The angles of the pulleys 6, 7, 8 and 9 to the wrapping material webs are selected so that the wrapping material webs are each offset outwards by approximately the same amount, so that the distance between the wrapping material webs 2 and 3 is then the sum of the lateral offset movements, and in the ideal case, in the case of a symmetrical offset movement, this corresponds to the double offset movement of a wrapping material web 2 or 3. The angles of the first deflection rollers 6 and 7 and the second deflection rollers 8 and 9 are aligned mirror-symmetrically to one another in pairs, so that in the basic position of the spreading device there is an identical offset of the wrapping material webs 2 and 3 outwards, i.e. perpendicular to the transport direction. After leaving the pulley groupings 4 and 5, the wrapping material webs 2 and 3 are guided past a sensor device 11 that senses the edge position and then introduced via a threading device 12 into a strand forming unit (not shown) in which, for example, a strand of loose tobacco fibers is applied to the wrapping material webs 2 and 3 is launched.

In the Fig. 2 is the spreader from the Fig. 1 visible from above. The multiple-width wrapping material web 1 is cut in the pull-cutting roller grouping 10 into two parallel single-width wrapping material webs 2 and 3. After cutting, the wrapping material webs 2 and 3 are fed diagonally towards the viewer in the illustration.

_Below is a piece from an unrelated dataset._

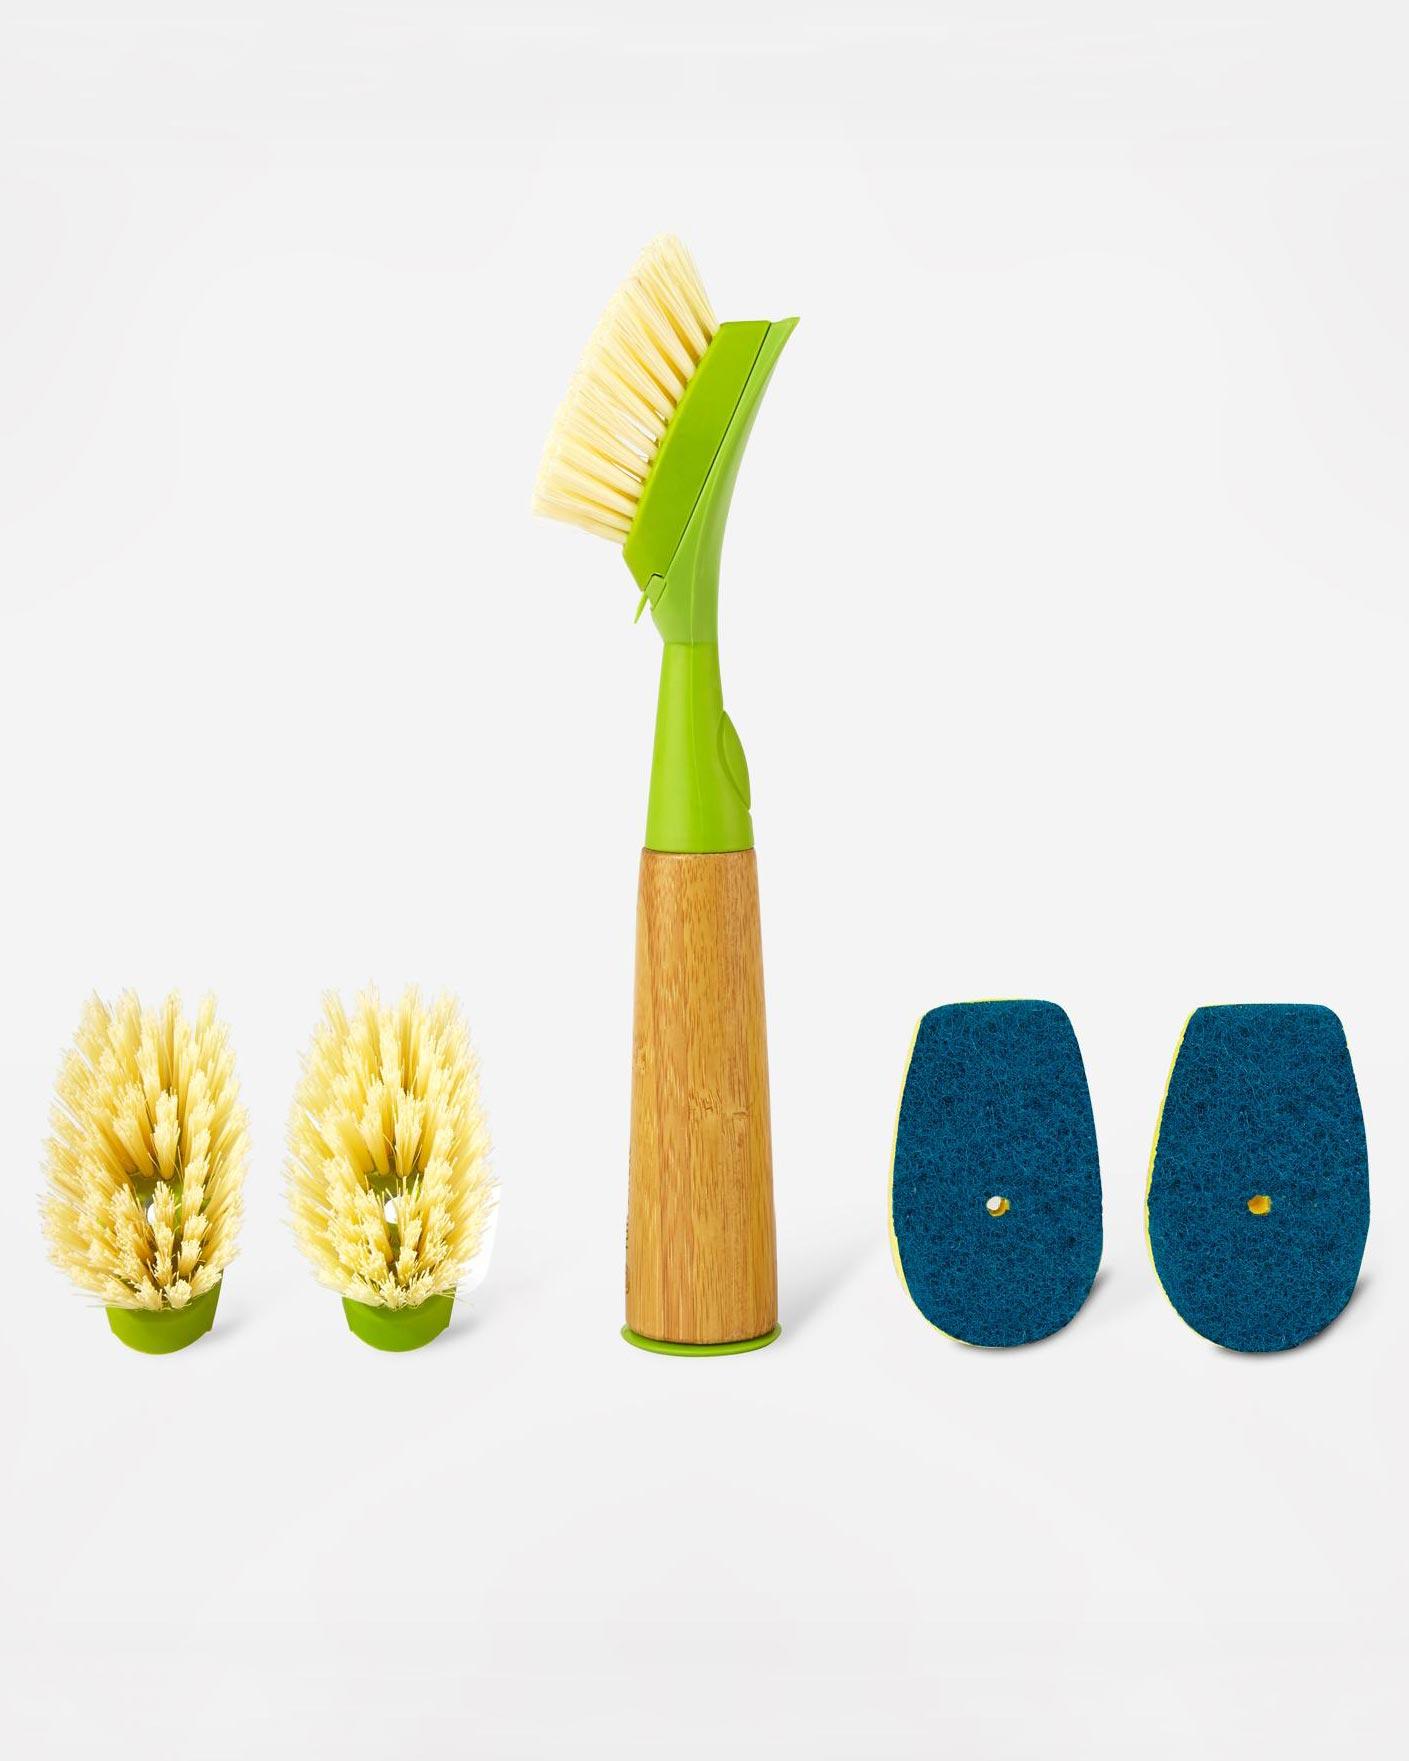 wedding gift reusable brush set

First, the wrapping material web 2, which is lower in the illustration, is introduced into the first deflection roller grouping 4 and deflected on the upper side of the first deflection roller 6 to the underside of the second deflection roller 8. The upper wrapping material web 3 is offset in the transport direction, that is, after having covered a short distance on the first deflection roller 7 of the second deflection roller group 5, it is deflected again on the upper side of the first deflection roller 7 to the underside of the second deflection roller 9. The angles A of the first deflection rollers 6 and 7 to the feed directions I and III and the angles B of the second deflection rollers 8 and 9 to the discharge directions II and IV of the wrapping material webs 2 and 3 are each identical, so that the feed and discharge directions I. , II, III and IV run parallel to one another in the view from above. Since the wrapping material webs 2 and 3 are also deflected around the circumferences of the deflection rollers 6,7,8 and 9 by the same circumferential angle, the wrapping material webs 2 and 3 are also in the feed direction I and III and the discharge direction II and IV in the side view of Fig. 1 aligned parallel to each other.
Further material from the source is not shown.